When I read about this case I took comfort that this bill contains a provision that will criminalise threats to distribute invasive images—sadly, this is needed in our community. I also note that the bill contains provisions that guard against the criminalisation and distribution of innocent images; for example, parents sending photographs of their baby in the bath to family members or friends. It achieves this by excluding from the definition of ‘invasive images’ those that fall within the standards of morality, decency and propriety generally accepted by reasonable adults in the community: a common-law test.

I note that the government has filed a set of technical amendments which the opposition is minded to support. The amendments have been moved to clarify that a greater penalty applies when an invasive image depicts someone under the age of 17, and to achieve consistency with the Criminal Law Consolidation Act and the offences that relate to child exploitation material under that act. I look forward to the government’s submissions in relation to those amendments during the committee stage.

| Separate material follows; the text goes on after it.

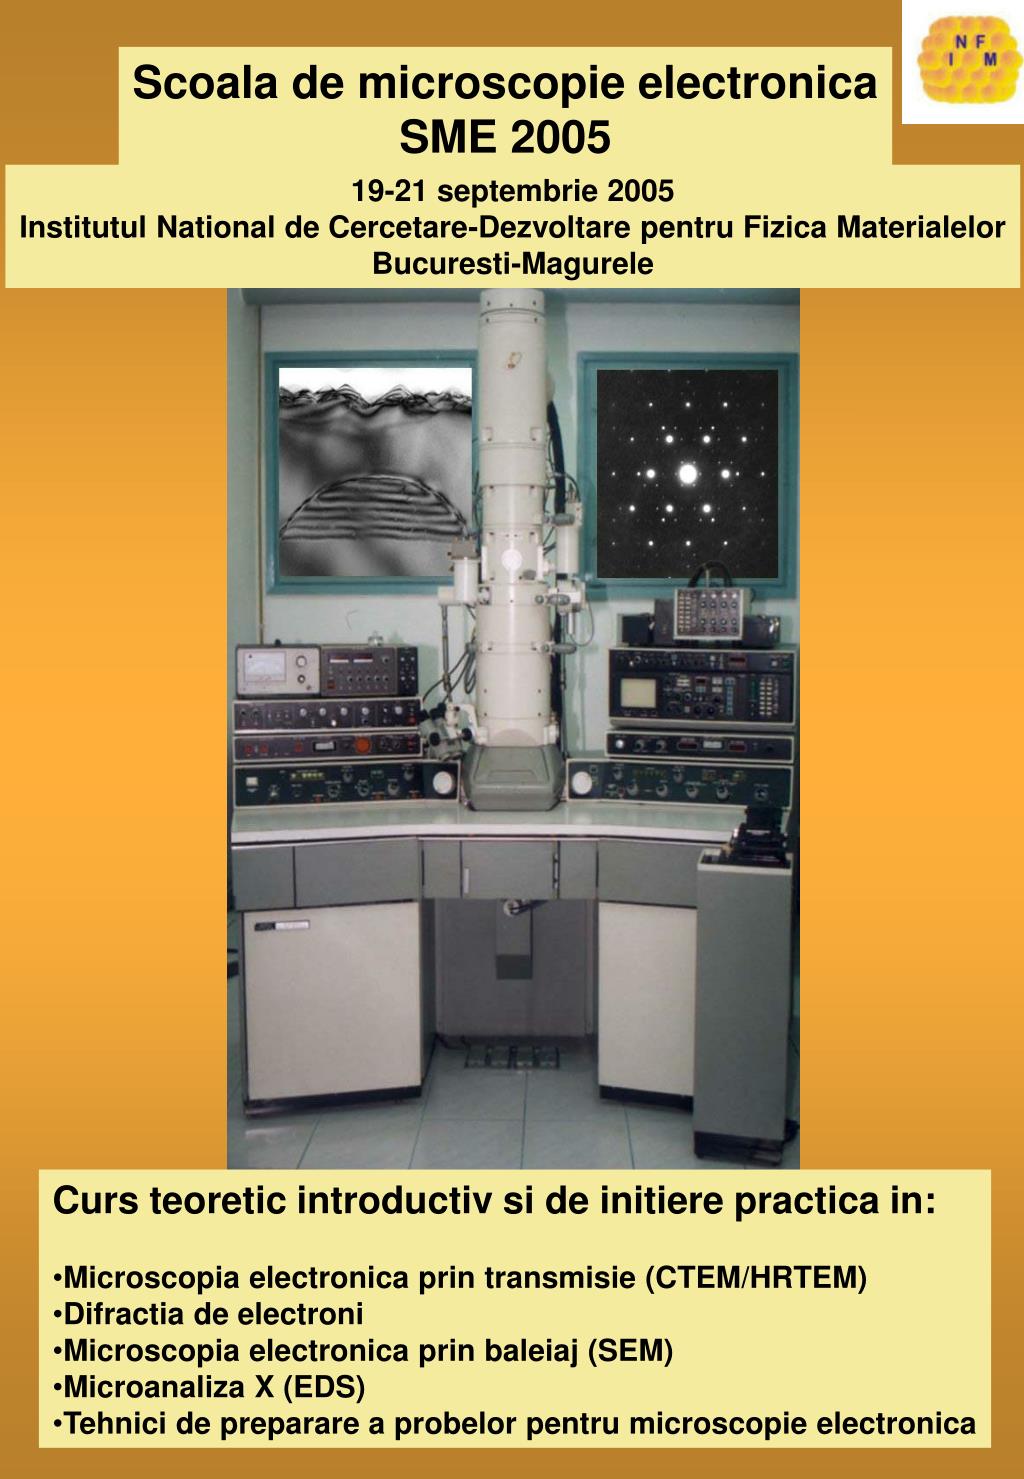 tuition fee freezer Bend PPT - Scoala de microscopie electronica SME 2005 PowerPoint Presentation -  ID:4008673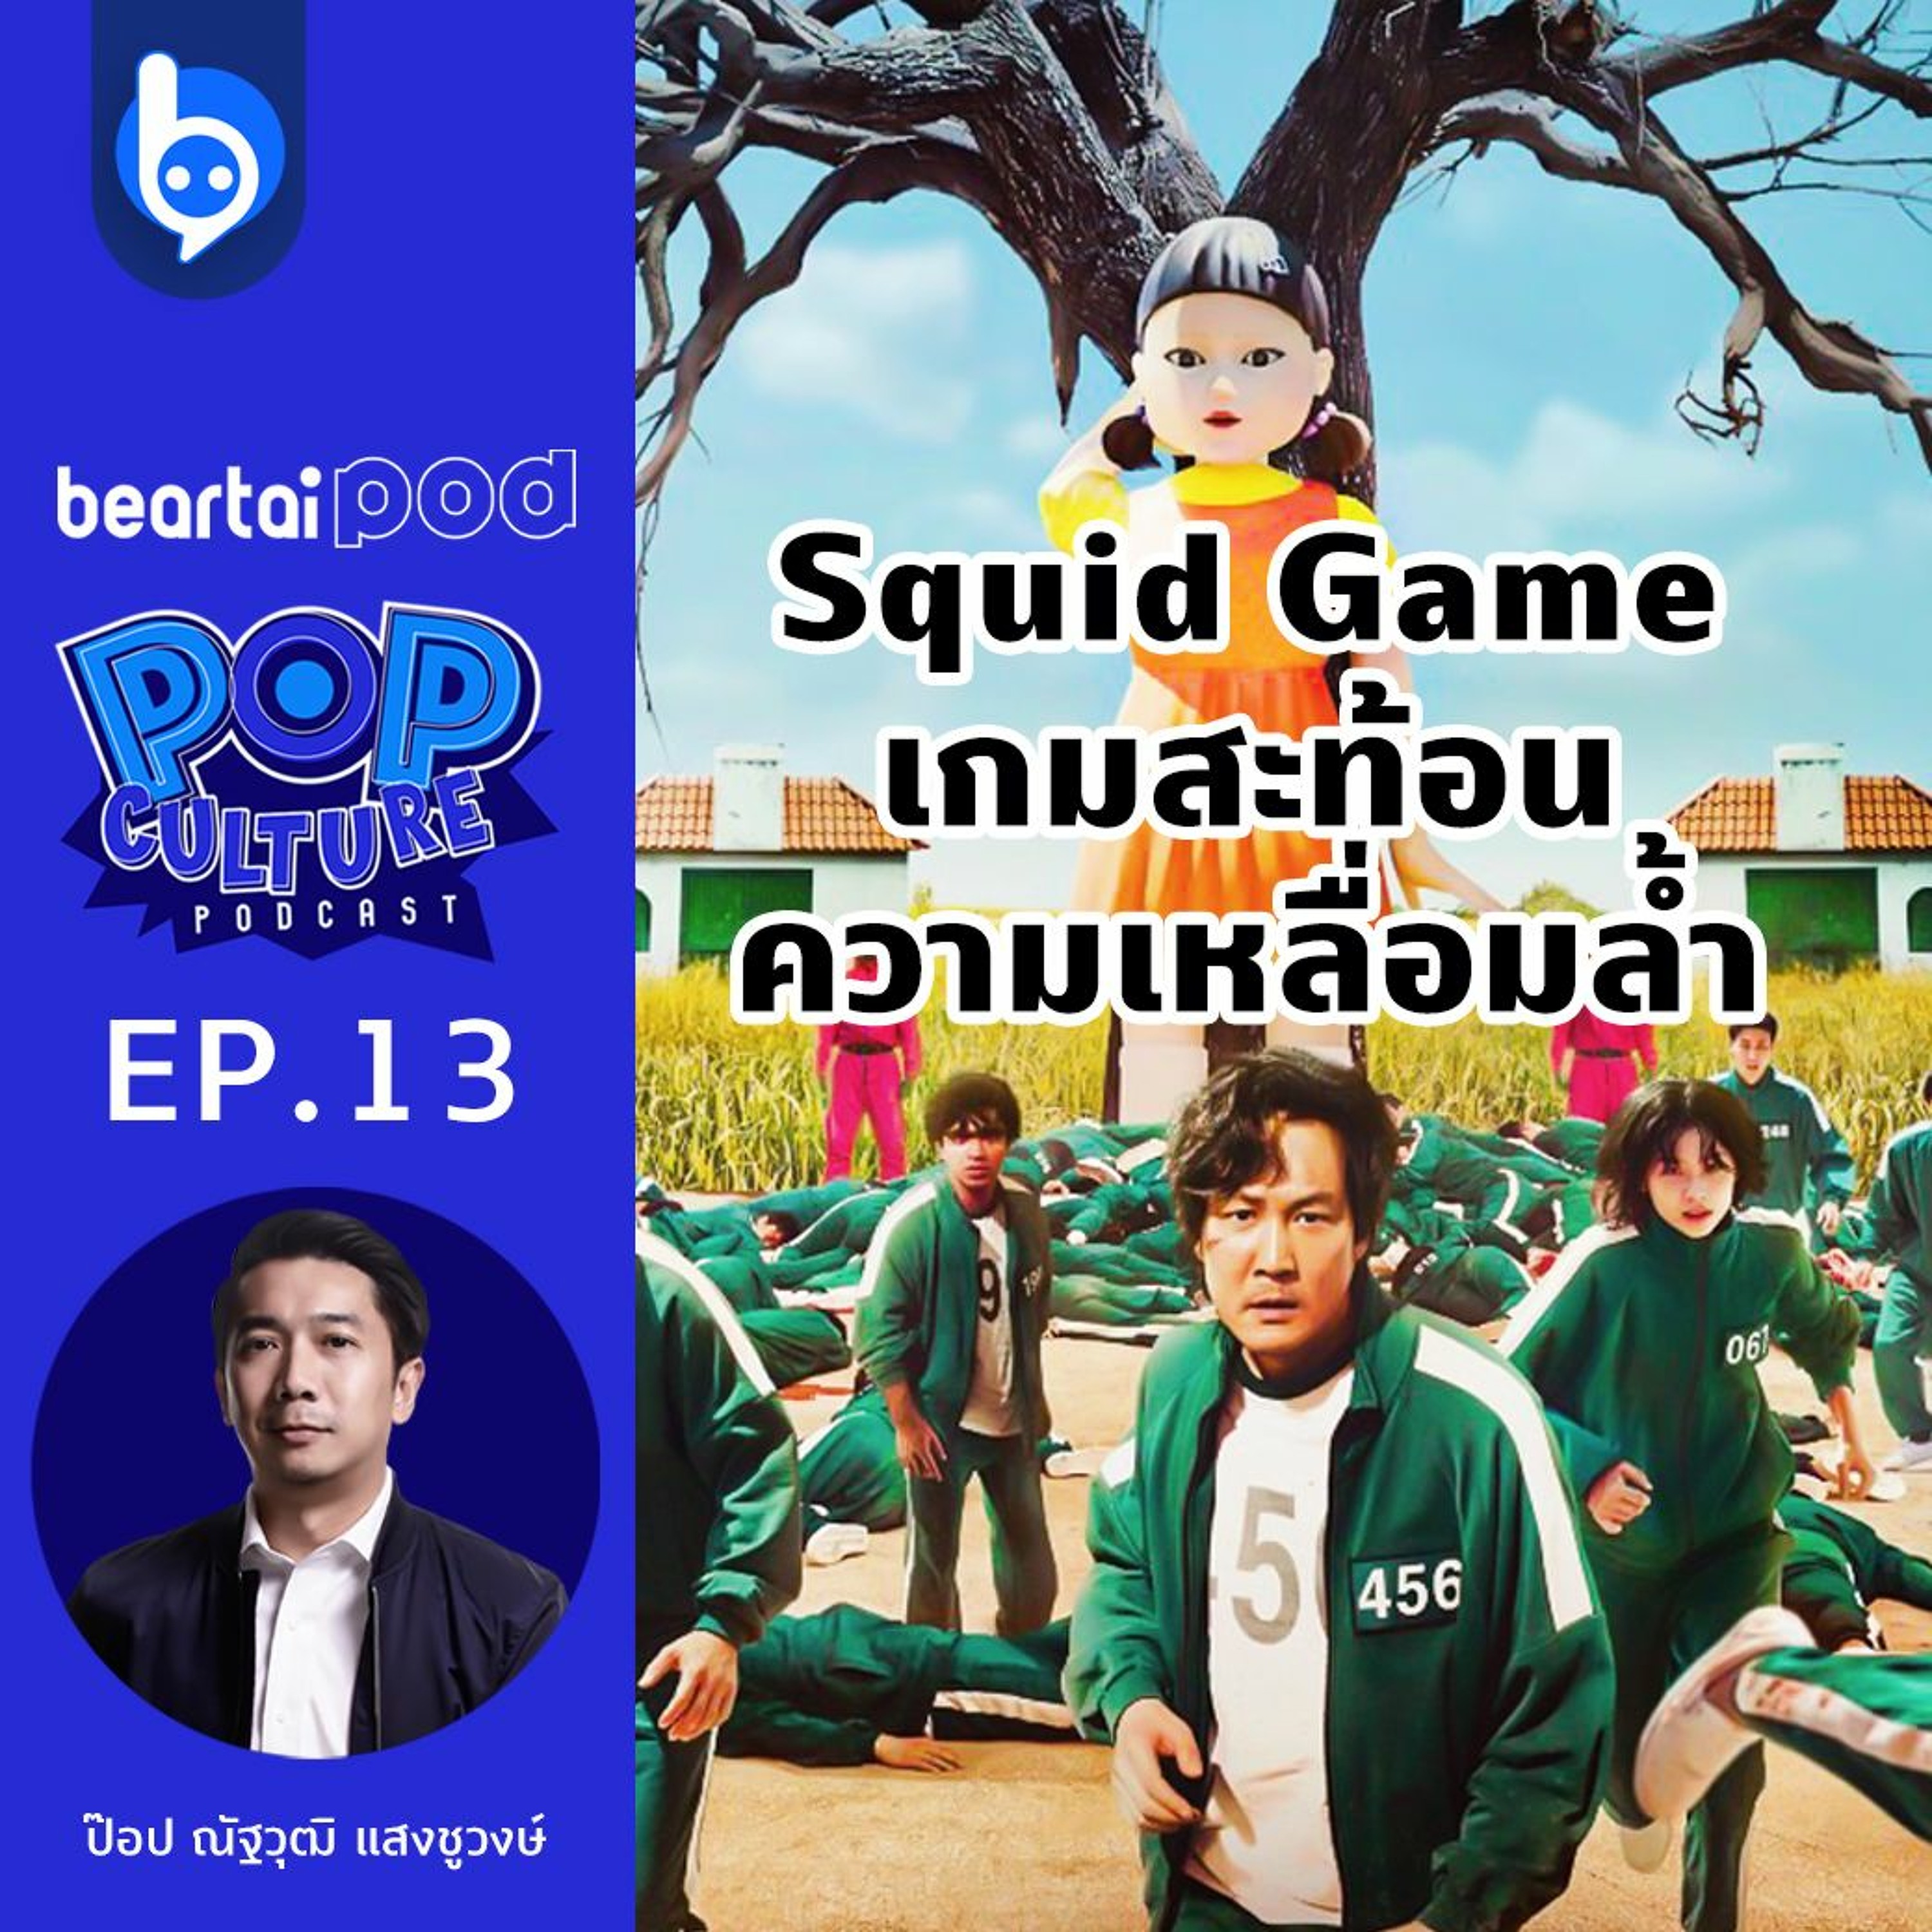 Pop Culture Podcast EP13 : Squid Game เกมสะท้อนความเหลื่อมล้ำ

The opposition has also filed two amendments. The first relates to the definition of the term ‘breasts’. Clause 5(7) of the bill inserts wording into the act to deal with the filming and distribution of an invasive image. For the purposes of defining invasive images, the bill includes the words ‘in the case of a female—the breasts are visible’. It is the view of the opposition that the word ‘bare’ should be inserted before the word ‘breasts’ otherwise images of covered breasts would be unintentionally caught under this definition. The opposition believes that this would be out of step with the balance of the section and with the notion of an invasive image warranting criminal sanction. The Attorney‑General said he would consider this particular amendment between the houses. We look forward to the minister advising the chamber of the Attorney-General’s view on this amendment.

The second amendment that the Liberal opposition is seeking to insert into the act is to delete the definitions contained in section 26B of the act relating to ‘broadcasting’, ‘media organisation’ and ‘publish’. The opposition proposes, instead, to replace it with a definition of media organisation that mirrors the definition contained in the recently passed Surveillance Devices Act 2016.

It is the opposition’s view that the definition contained in the government’s bill is out of step with definitions used elsewhere, and does not adequately reflect what constitutes how the media operates in contemporary society. As the opposition previously argued in respect of the Surveillance Devices Act, the definition contained in the bill links media organisations to broadcasting licences, which excludes a number of organisations that are currently operating as a media organisation but would not satisfy this criteria. The opposition believes the proposed amendment would achieve legislative consistency, and accurately reflect how freelance and other contemporary media practices operate in modern society.

In summary, the Liberal opposition hopes that this bill will assist in constraining the trend in our community in relation to sexting, and discouraging the same. With those words, I indicate to the chamber that the Liberal Party will be supporting the second reading of this bill.